PMCID: PMC5980931  PMID: 29479997

Abstract

Background:

Copper transporter 1 (CTR1) is a critical determinant of the uptake and cytotoxic effect of the platinum drugs carboplatin and cisplatin. Thymidylate synthase (TS) is an enzyme involved in DNA synthesis and is associated with resistance of tumor cells to 5-fluorouracil. We investigated the correlation between CTR1 and TS expression levels and treatment outcomes in patients with advanced non-small-cell lung cancer (NSCLC) treated with S-1/carboplatin doublet chemotherapy.

Methods:

Twenty-nine patients were enrolled in this study. Tumor expression of CTR1 and TS was measured immunohistochemically and analyzed for correlation with tumor response, progression-free survival (PFS), and overall survival (OS).

Results:

Tumor response was significantly better in patients with CTR1High tumors than in patients with CTR1Low tumors (64% vs. 18%, P = 0.02). Patients with TSLow tumors had a significantly longer OS (median 21.2 vs. 8.5 months, P = 0.02), but not PFS, than patients with TSHigh tumors. When CTR1 and TS co-expression was analyzed, patients with either CTR1High or TSLow tumors showed a significantly better tumor response (50% vs. 0%, P = 0.01), longer PFS (median 4.2 vs. 2.1 months, P = 0.03), and longer OS (median 21.2 vs. 8.5 months, P = 0.01) than patients with both CTR1Low and TSHigh tumors.

Conclusions:

Our study suggests that combined CTR1/TS expression status has the potential to be an important predictor of good treatment outcomes in patients with advanced NSCLC treated with S-1/carboplatin doublet chemotherapy.

Keywords: Copper transporter 1, thymidylate synthase-non-small cell lung cancer, S-1, carboplatin

Introduction

Lung cancer is one of the most common cancers worldwide and is a major cause of cancer-related death (Torre et al., 2015). Non-small cell lung cancer (NSCLC) accounts for approximately 80% of all lung cancer cases. Platinum-based doublet chemotherapy is the standard first-line treatment for advanced NSCLC and shows response rates of approximately 20–40% and a median survival of 8–10 months (Grossi et al., 2007).

S-1 is an oral fluoropyrimidine agent that consists of tegafur, 5-chloro-2,4-dihydroxypyridine (CDHP), and potassium oxonate (Shirasaka et al., 1996; Malet-Martino and Martino, 2002). Tegafur is a prodrug of fluorouracil (5-FU), and CDHP is an inhibitor of dihydropyrimidine dehydrogenase, an enzyme involved in the degradation of 5-FU. Thus, CDHP allows 5-FU to be maintained at higher levels in the plasma and tumor tissue than when 5-FU is intravenously infused. S-1 is active against a wide range of solid tumors, including NSCLC. Although many treatment options are available for patients with advanced NSCLC, S-1–containing regimens offer several potential clinical benefits, such as oral administration and well-tolerated toxicity (Takeda, 2013).

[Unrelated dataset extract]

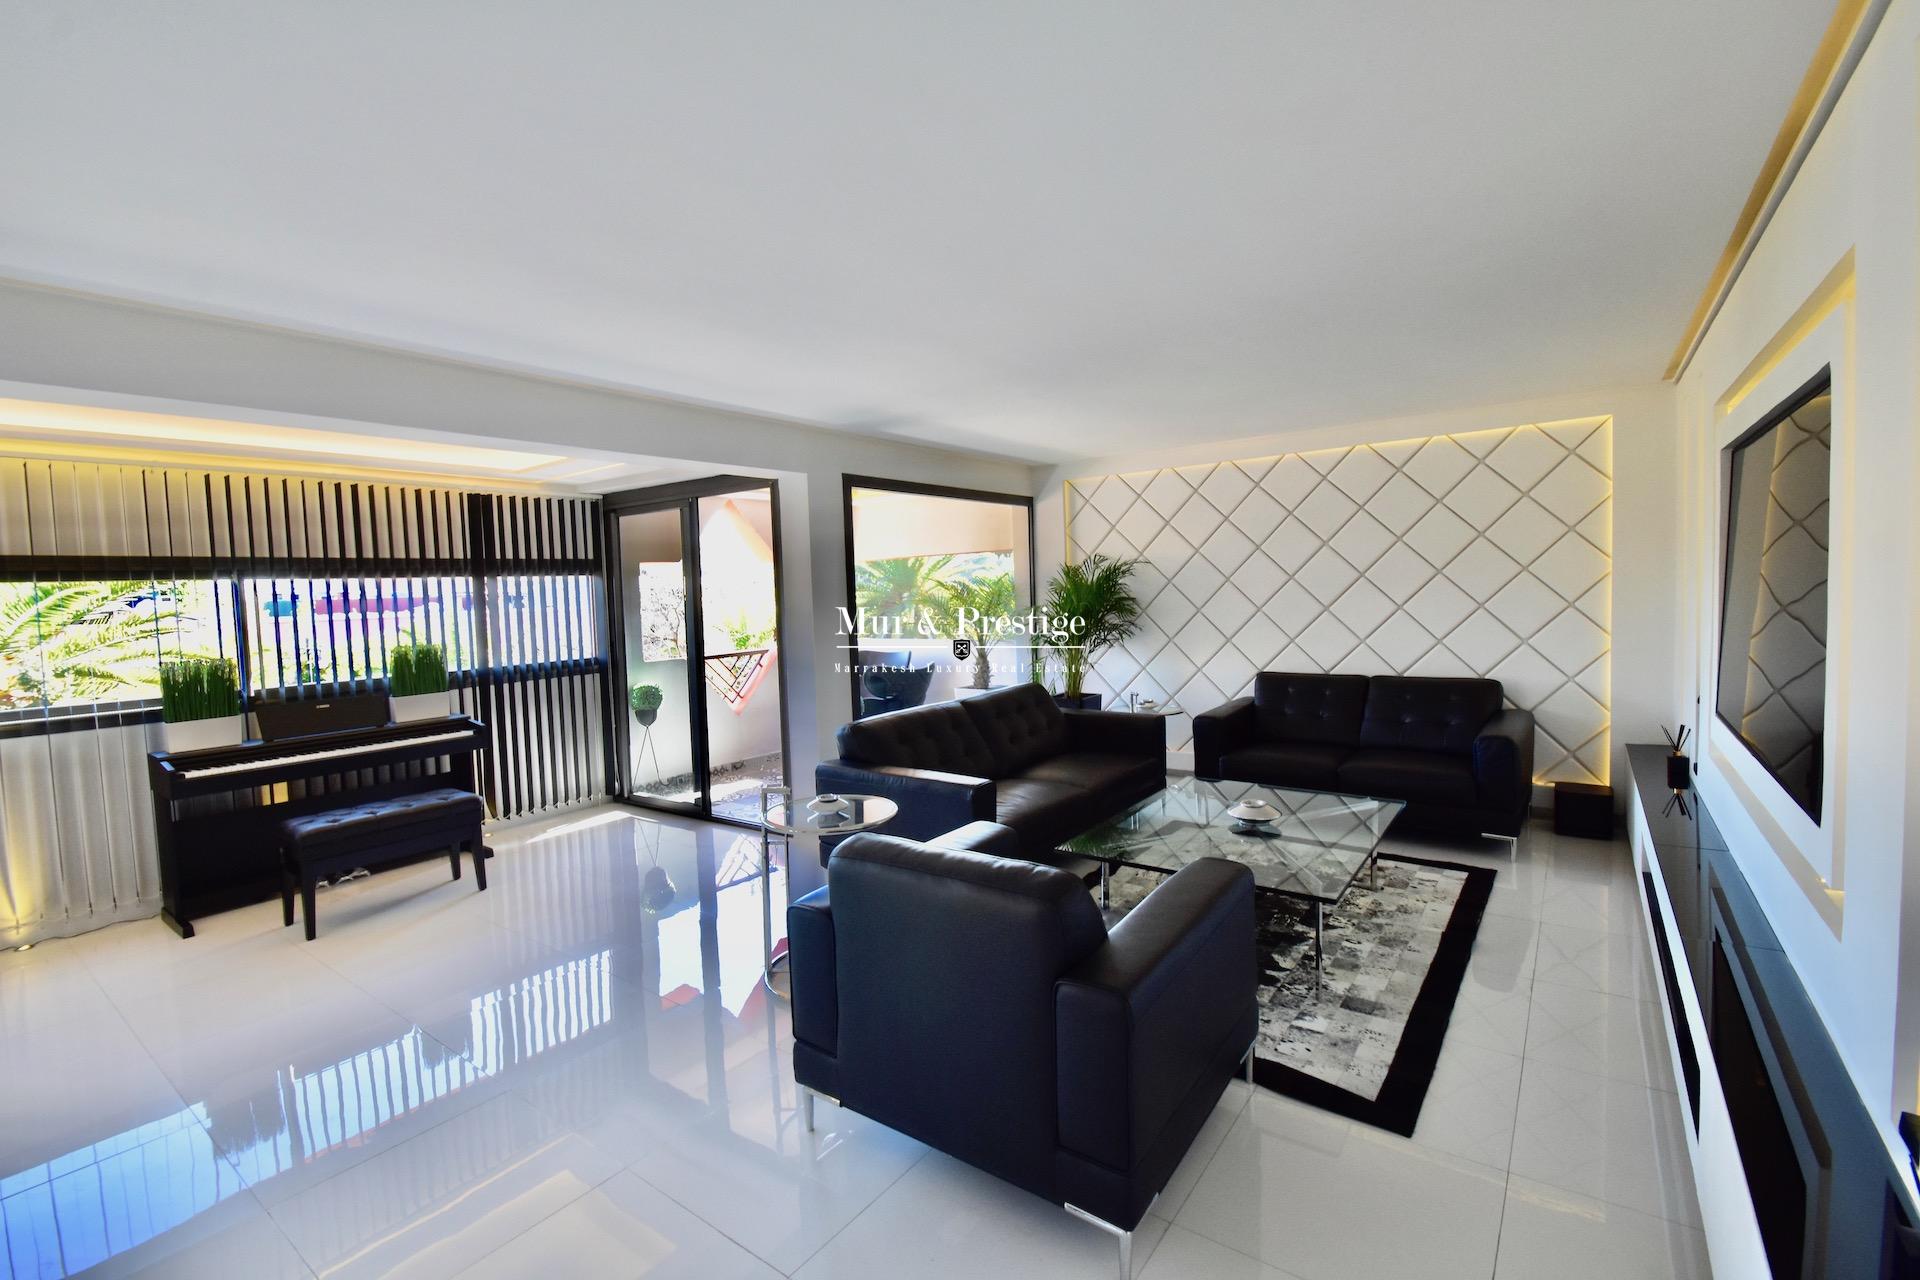 Appartement moderne à vendre au cœur du quartier de l’Hivernage à Marrakech

Carboplatin (CBDCA) is a cisplatin (CDDP) analog that has lower nonhematological toxicity than CDDP. Clinical trials have shown that combination therapy with S-1 and CBDCA is feasible and well tolerated in patients with advanced NSCLC and has efficacy similar to that of other platinum doublet regimens (Kaira et al., 2007; Tamura et al., 2009; Yoshioka et al., 2013; Kuyama et al., 2017). However, as with other treatment regimens, individual patients vary in their response to S-1/CBDCA doublet chemotherapy. Therefore, biomarkers that identify subgroups of patients who will benefit from S-1/CBDCA doublet chemotherapy would be useful for guiding treatment decisions.

Cellular uptake of anticancer drugs is mediated by facilitated transport systems, suggesting that expression of transport-related molecules may predict the response to chemotherapy. Copper transporter 1 (CTR1; SLC31A1) controls the intracellular accumulation and cytotoxic effects of CBDCA and CDDP (Holzer et al., 2004; Song et al., 2004; Holzer et al., 2006). Thymidylate synthase (TS) catalyzes methylation of deoxyuridine monophosphate to deoxythymidine monophosphate (Malet-Martino and Martino, 2002; Pinedo and Peters, 1988). 5-FU is metabolized to 5-fluorodeoxyuridine monophosphate (FdUMP) by thymidine kinase, thymidine phosphorylase, and other enzymes. In turn, FdUMP forms a covalent ternary complex with TS and reduced folic acid, inhibiting TS activity. Multiple investigators have reported that high TS expression is associated with resistance to 5-FU (Beck et al., 1994; Fukushima et al., 2001; Miyoshi et al., 2007).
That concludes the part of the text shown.